A couple of weeks ago, Peter and I recruited two friends to help us with the difficult work of tasting three premium Napa Valley Cabernet Sauvignons. Due to a way-too-strong fondness for alliteration in my old budget-wine column, these friends appeared in that space as ‘the Tuscan Tipplers’ — a honeymoon reference. Here we’ll just call them the TTs.
The wines we tasted with the TTs were, in order of price, a 2007 Cab from Mount Veeder Winery ($40), a 2005 Stag’s Leaps District Cab from Clos Du Val ($70), and a 2006 Reserve Cab from Robert Mondavi Winery ($135).
I really liked the Mount Veeder and noted its strong tannins, which indicated to Peter that the wine could benefit from a few more years of aging. Mr. TT was neutral on this one, but it was Mrs. TT’s favorite of the bunch: “smooth and yummy.”

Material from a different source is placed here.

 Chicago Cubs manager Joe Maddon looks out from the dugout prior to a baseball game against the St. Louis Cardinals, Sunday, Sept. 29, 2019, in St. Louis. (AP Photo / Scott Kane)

I loved the Clos du Val 2005, especially that pencil-shaving aroma I always associate with great Napa Cabs. Mr. TT found it open and pleasant, with berries on the palate. Mrs. TT really liked it too and found it pungent—”fumey,” she said, but not in a bad way, as well as strong and rich. Finally, Peter praised its super-dark fruit; nice, not-overpowering oak; and good balance.

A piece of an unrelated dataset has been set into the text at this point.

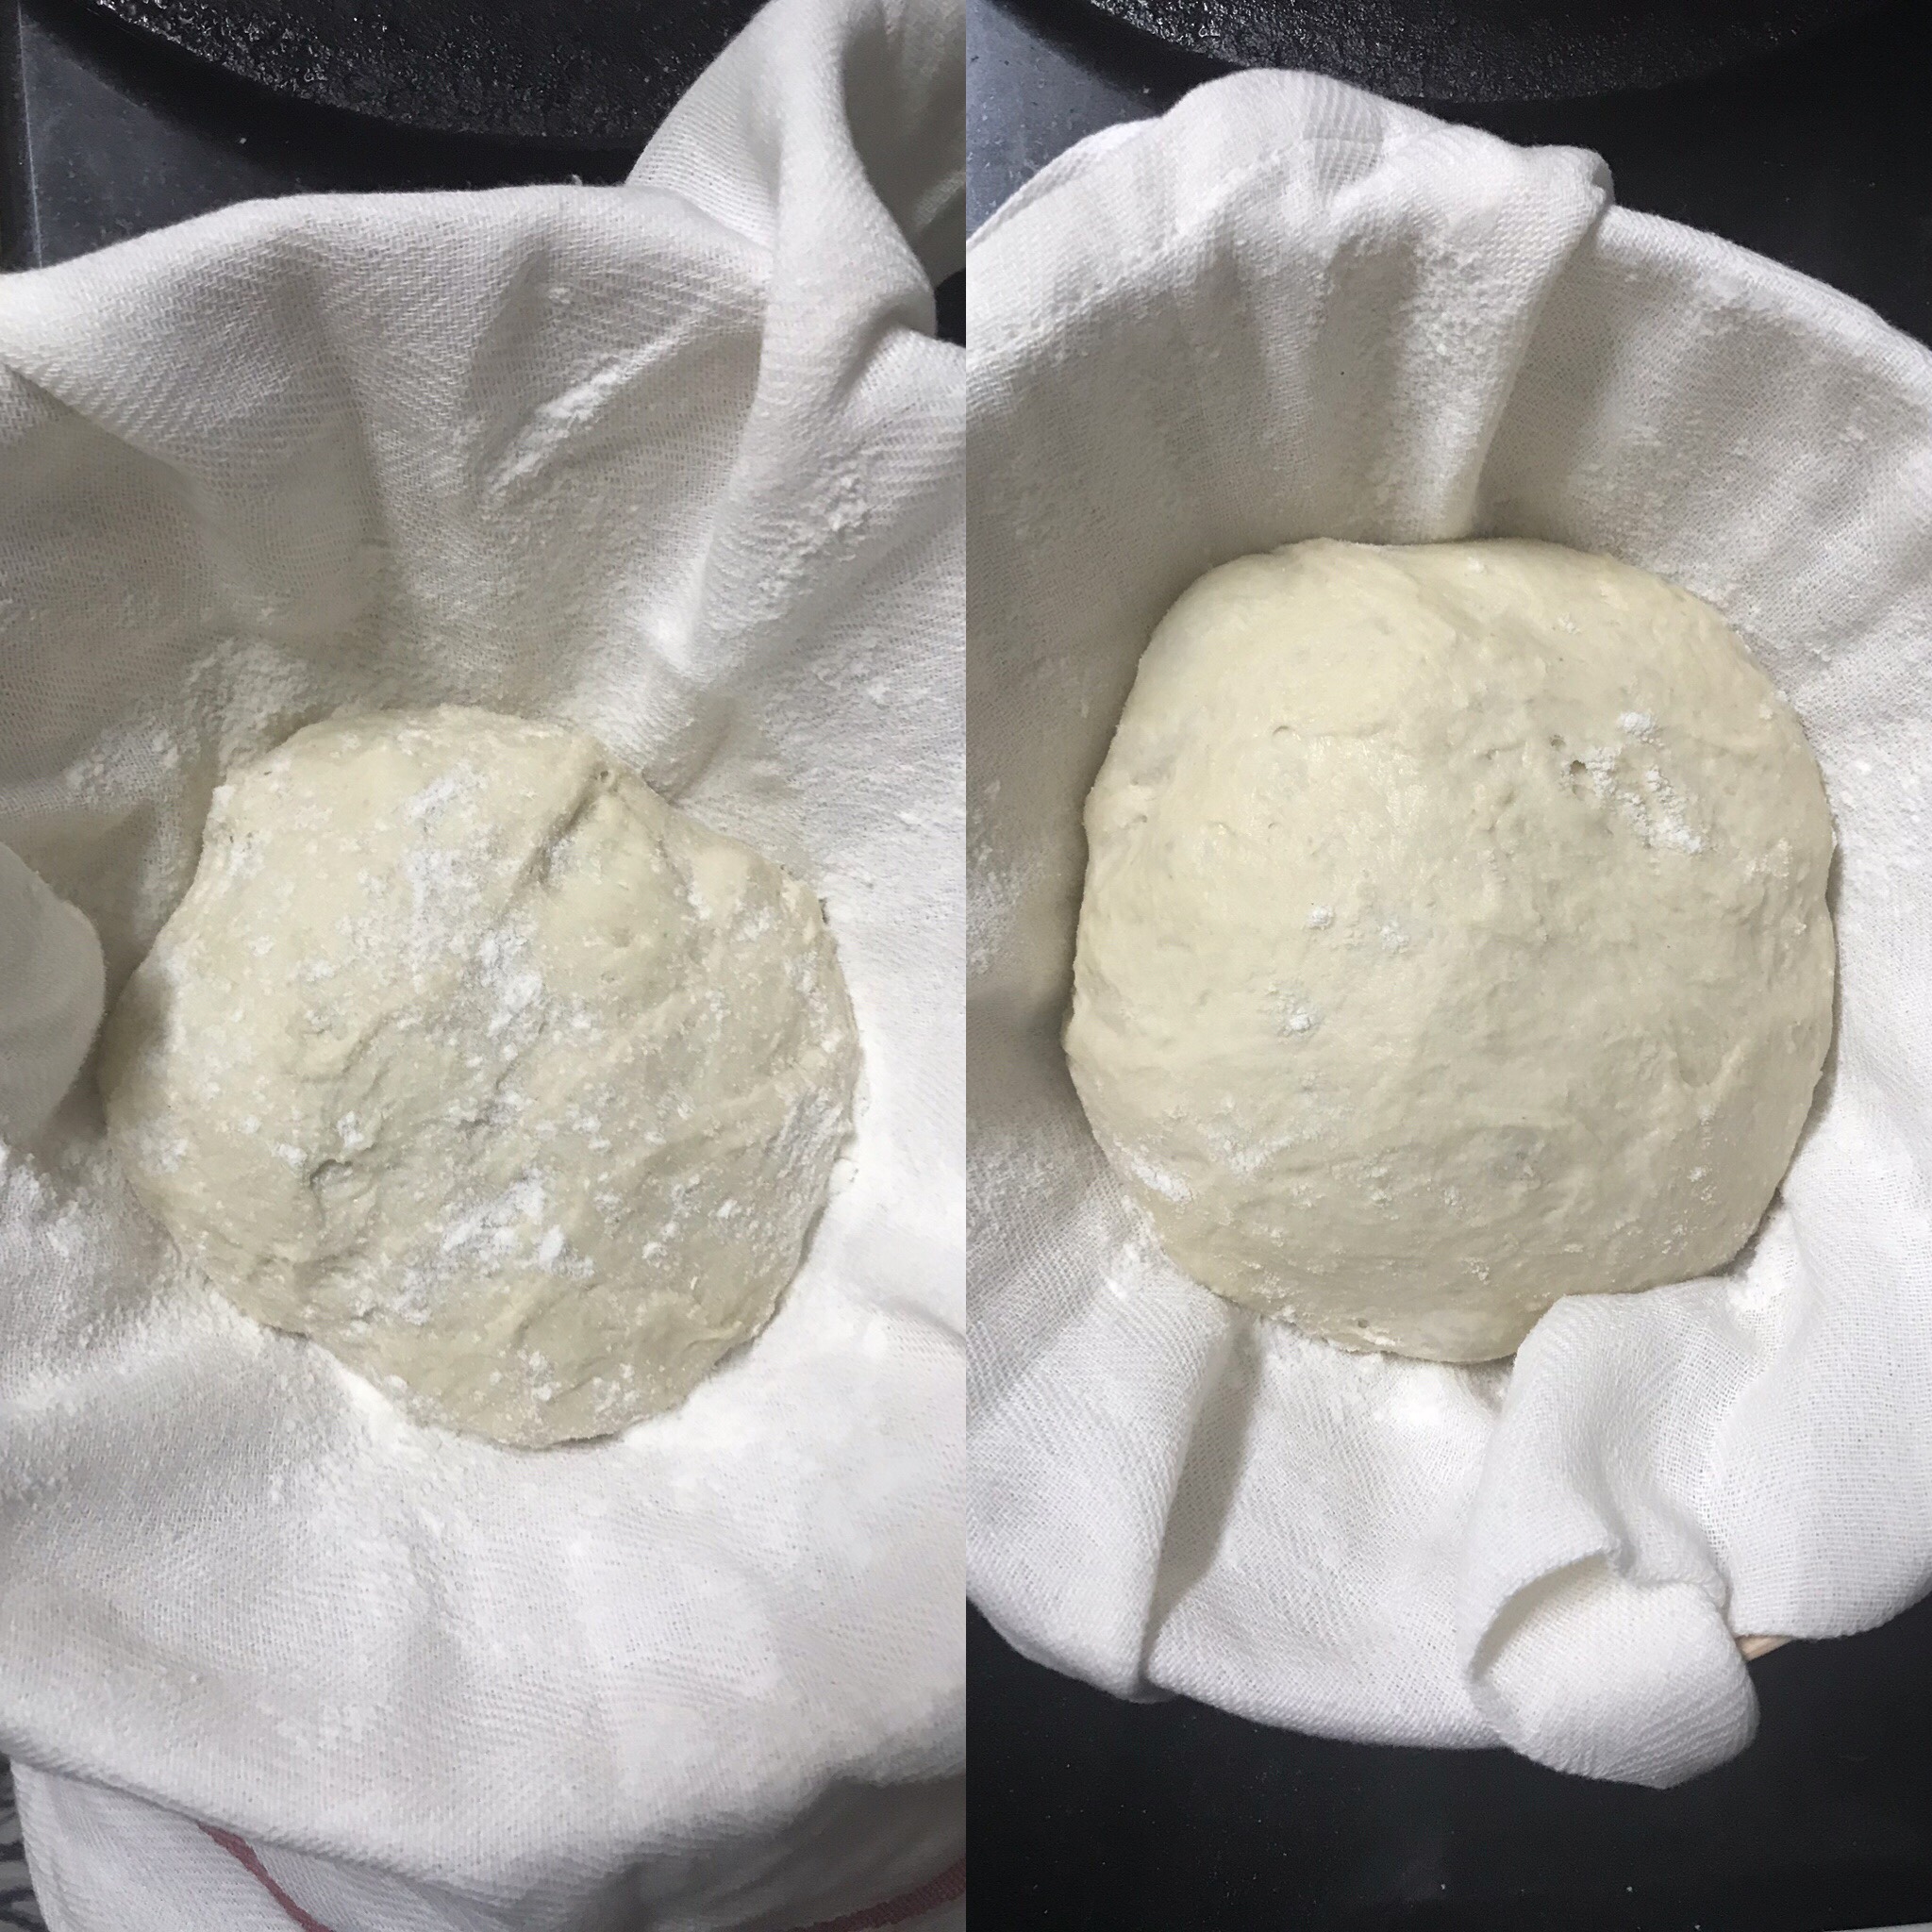 Dough proofed 10 hours in the refrigerator and shows visible expansion

None of us were big fans of the 2006 Mondavi Reserve: the TTs complained of its “puckery” quality, and Peter simply said it was “going downhill.”
Mondavi redeemed itself to me a few days later, however, when I thoroughly enjoyed a glass of the 2007 Cab from its Oberon label, which I found online for as little as $14.99. Another lesson that with Napa wines, you don’t always get when you pay for — except when you do.